Jerusalem's First Photographer

Who Was the 19th Century American Preacher Mendenhall John Dennis?


Actually, He Was a Jerusalem Watchmaker Named Mendel Deniss, Jerusalem's First Photographer

Mendenhall John Dennis in the center surrounded by his family in 1885. After 1860
he lived in Ohio, Massachusetts and Washington. Before 1860 he was Mendel
Diness of Jerusalem  (With permission of Special Collections, Fine
Arts Library, Harvard University)
A version of this article appeared in the Times of Israel on December 26, 2012

In 1988, John Barnier visited a garage sale in St. Paul, Minnesota.  There he found and purchased eight boxes of old photographic glass plates.  Fortunately, Barnier is an expert in the history of photographic printing.

He had little idea that he had uncovered a historic treasure. Later, he viewed the plates and saw that they included old pictures of Jerusalem.  He contacted the Harvard Semitic Museum in Cambridge, Massachusetts, known for its large collection of old photographs from the Middle East.

On some of the plates they found the initials MJD. Until then the name Mendel Diness was barely known by scholars.  It was assumed that with the exception of one or two photos his collection was lost.

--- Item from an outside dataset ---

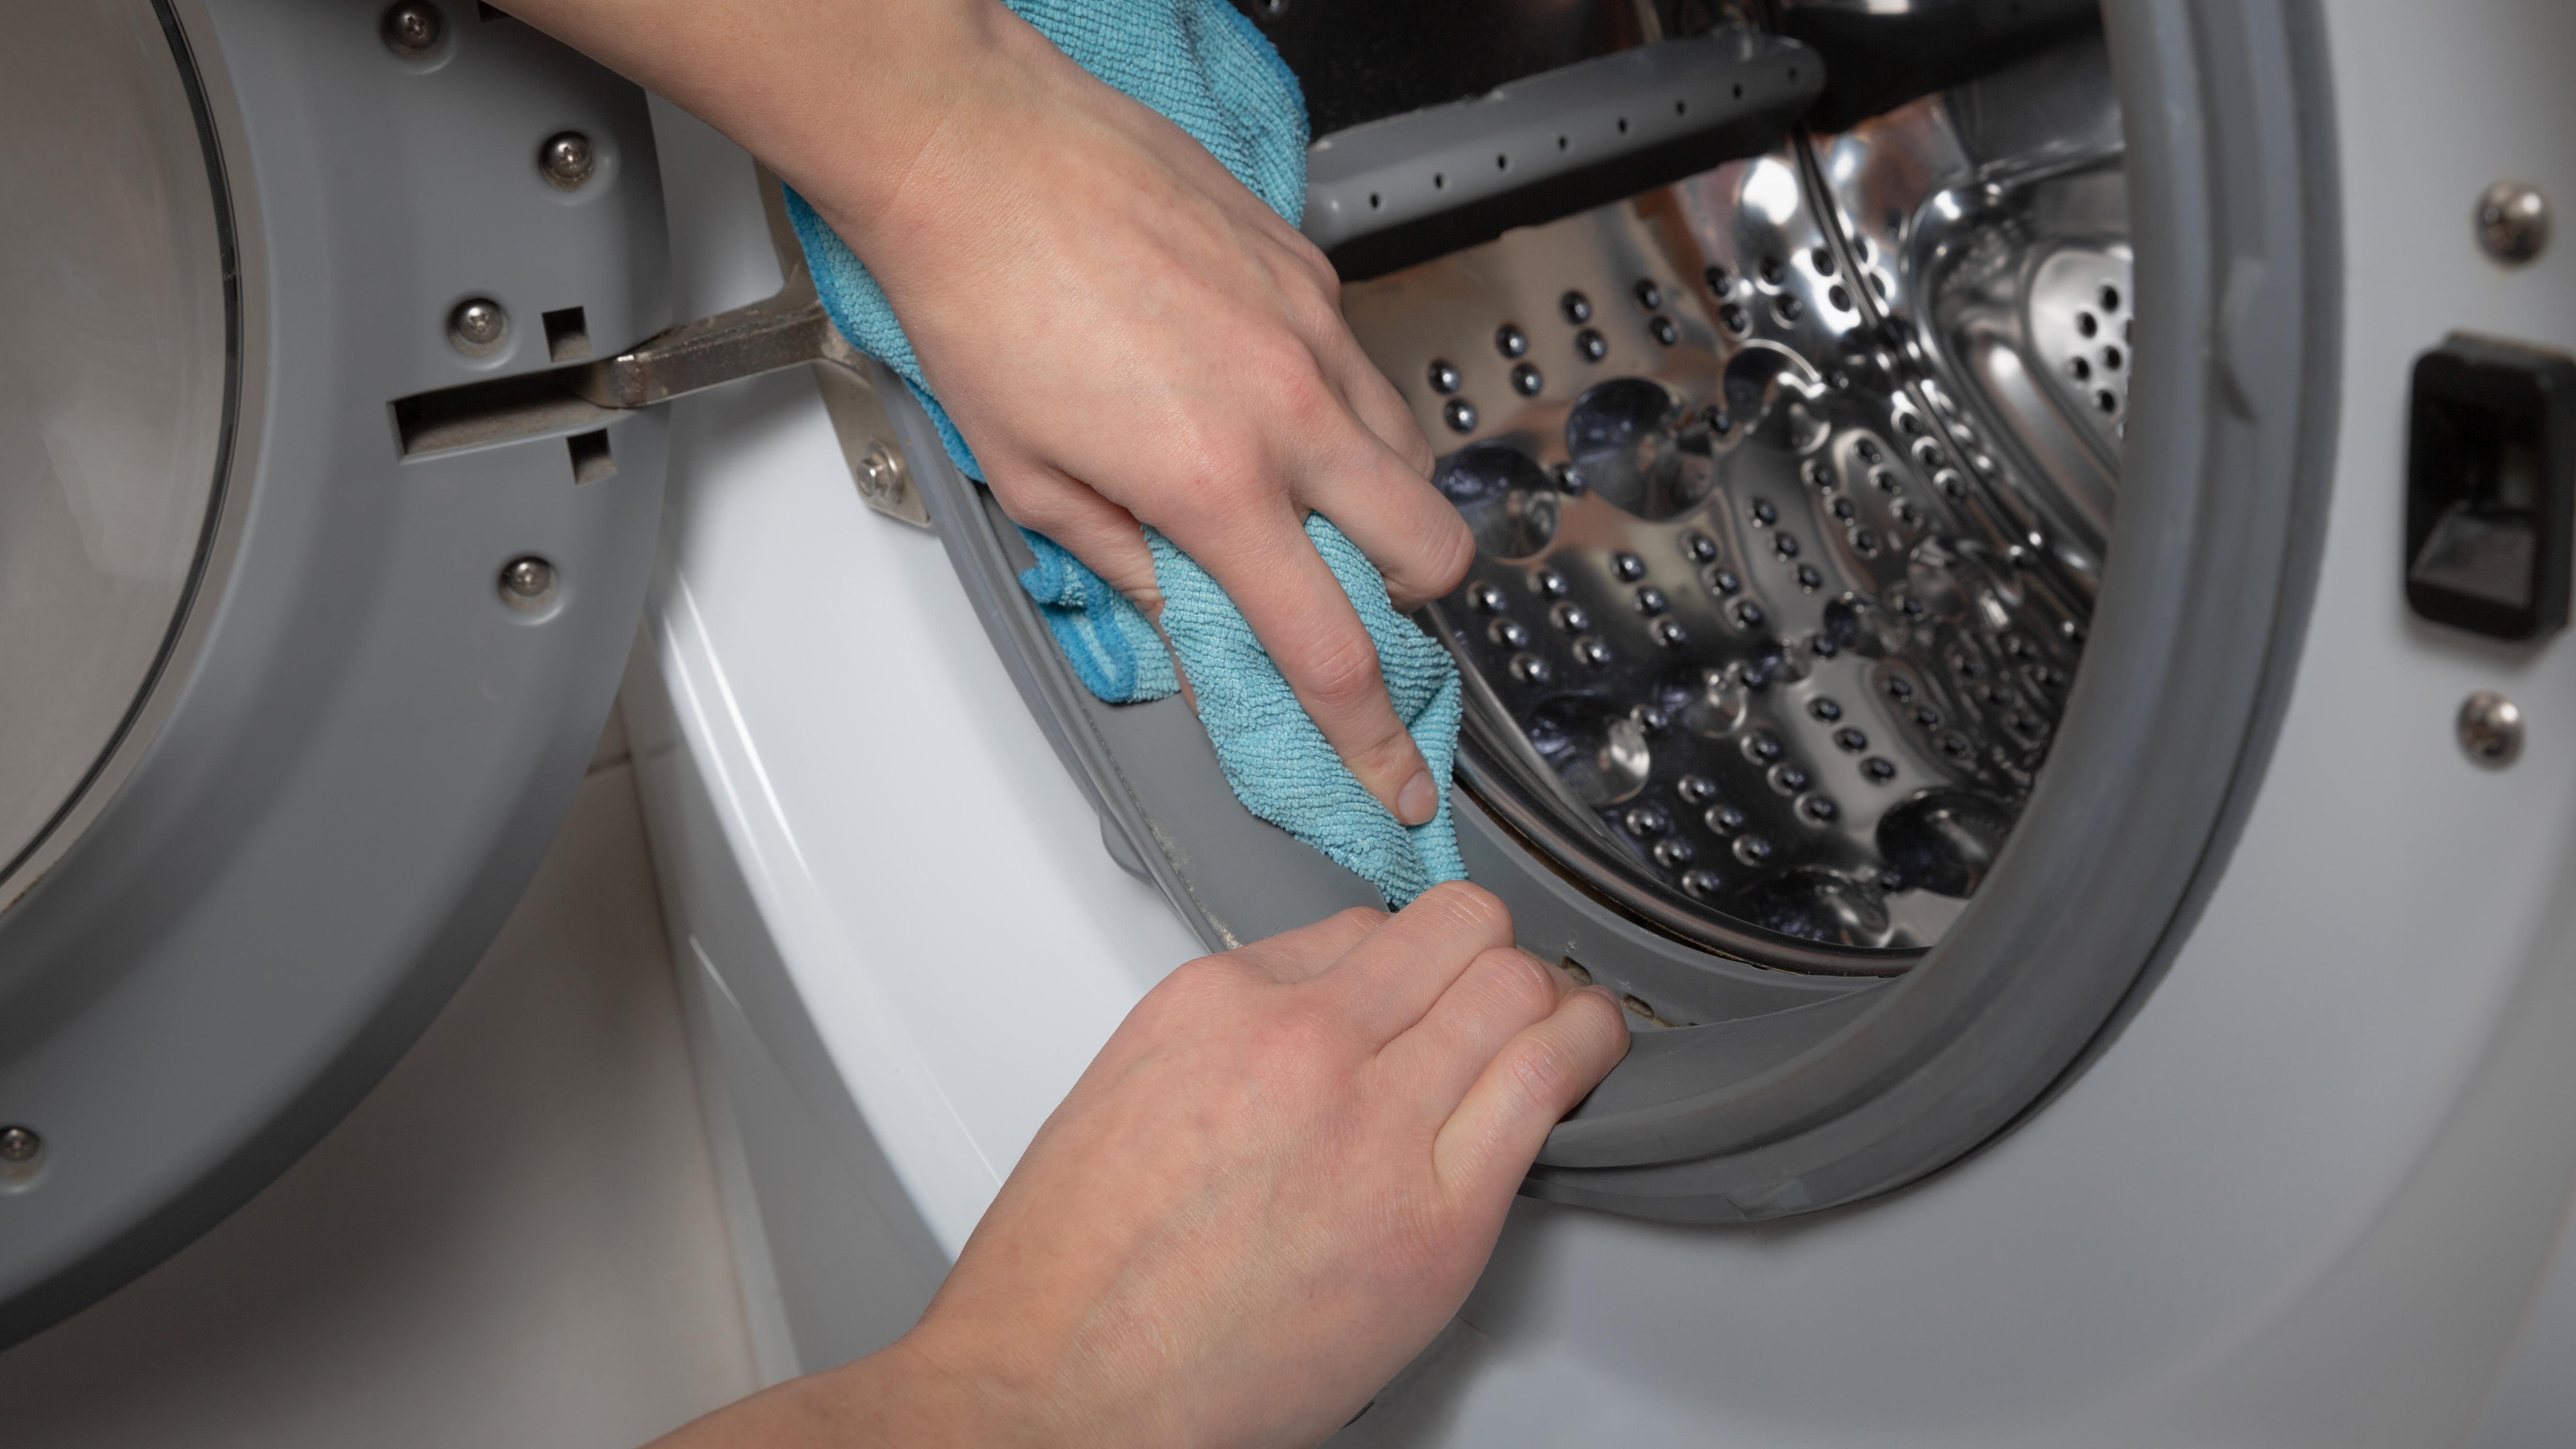 Die Gummidichtung Ihrer Waschmaschine reinigen sie am besten regelmäßig.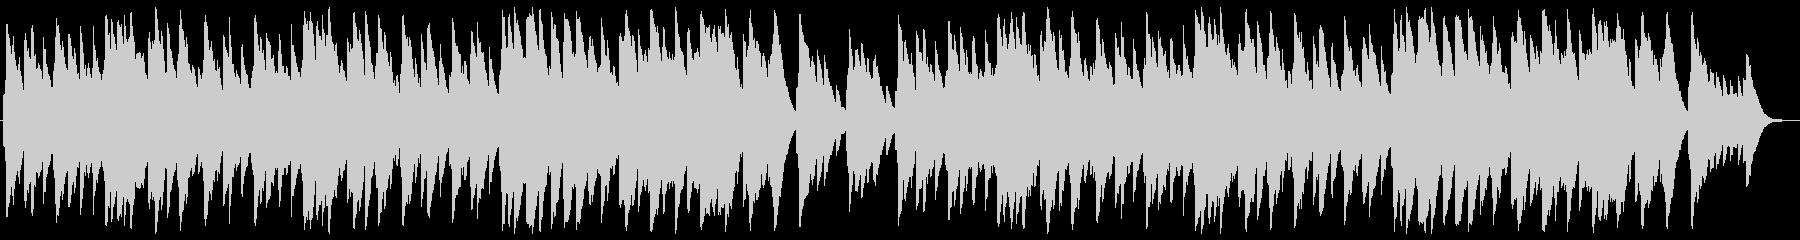 ひいらぎ飾ろう オルゴールの未再生の波形

The Western Wall, photographed by Diness. Unlike most early
photographers of the Wall, Diness pointed his camera to the south
 and not to the north. (With permission of Special Collections,
 Fine Arts Library, Harvard University. 1859)

 
 
Thanks to the research of historians and curators Dror Wahrman, Nitza Rosovsky and Carney Gavin, the Diness collection was saved from obscurity, and an amazing tale was revealed:  American Christian preacher Mendenhall John Dennis and Jerusalemite yeshiva student and watchmaker Mendel Diness were one and the same. 

Diness was born in Odessa in 1827 into a religious Jewish family. As a boy he apprenticed as a watchmaker; as a teen he went to study in Heidelberg and was influenced by the anti-religious "enlightenment movement."  His concerned father sent him to Palestine in 1848 to a yeshiva to strengthen his Jewish faith.

But in 1849 he met a Christian missionary who started him on his path to Christianity. His conversion caused a major controversy in the Old City of Jerusalem.  Diness was excommunicated from the Jewish community, lost his business, and was forced to divorce his wife, Shayndel Reisa, who was from a hassidic Chabad family in Hebron.
Enlargement of Jews at the Wall

Mishkenot Sha'ananim in Jerusalem under construction, beneath
Moshe Montifiore's windmill. The building project was the first
Jewish neighborhood built outside of the Old City (1860,
Special Collections, Fine Arts Library, Harvard University.)









Diness was taken in by Christian missionaries and families, including the British Consul, James Finn, who baptized the new convert.  His wife, Elizabeth Finn, a fan of the new photography art, was close to a Scottish missionary, James Graham, who taught Diness the new field of photography.  It was not simply a question of learning to press a button on a camera, but it involved a lengthy and difficult process of preparing emulsions and plates (not film), mastering light, exposures and the science of developing the pictures.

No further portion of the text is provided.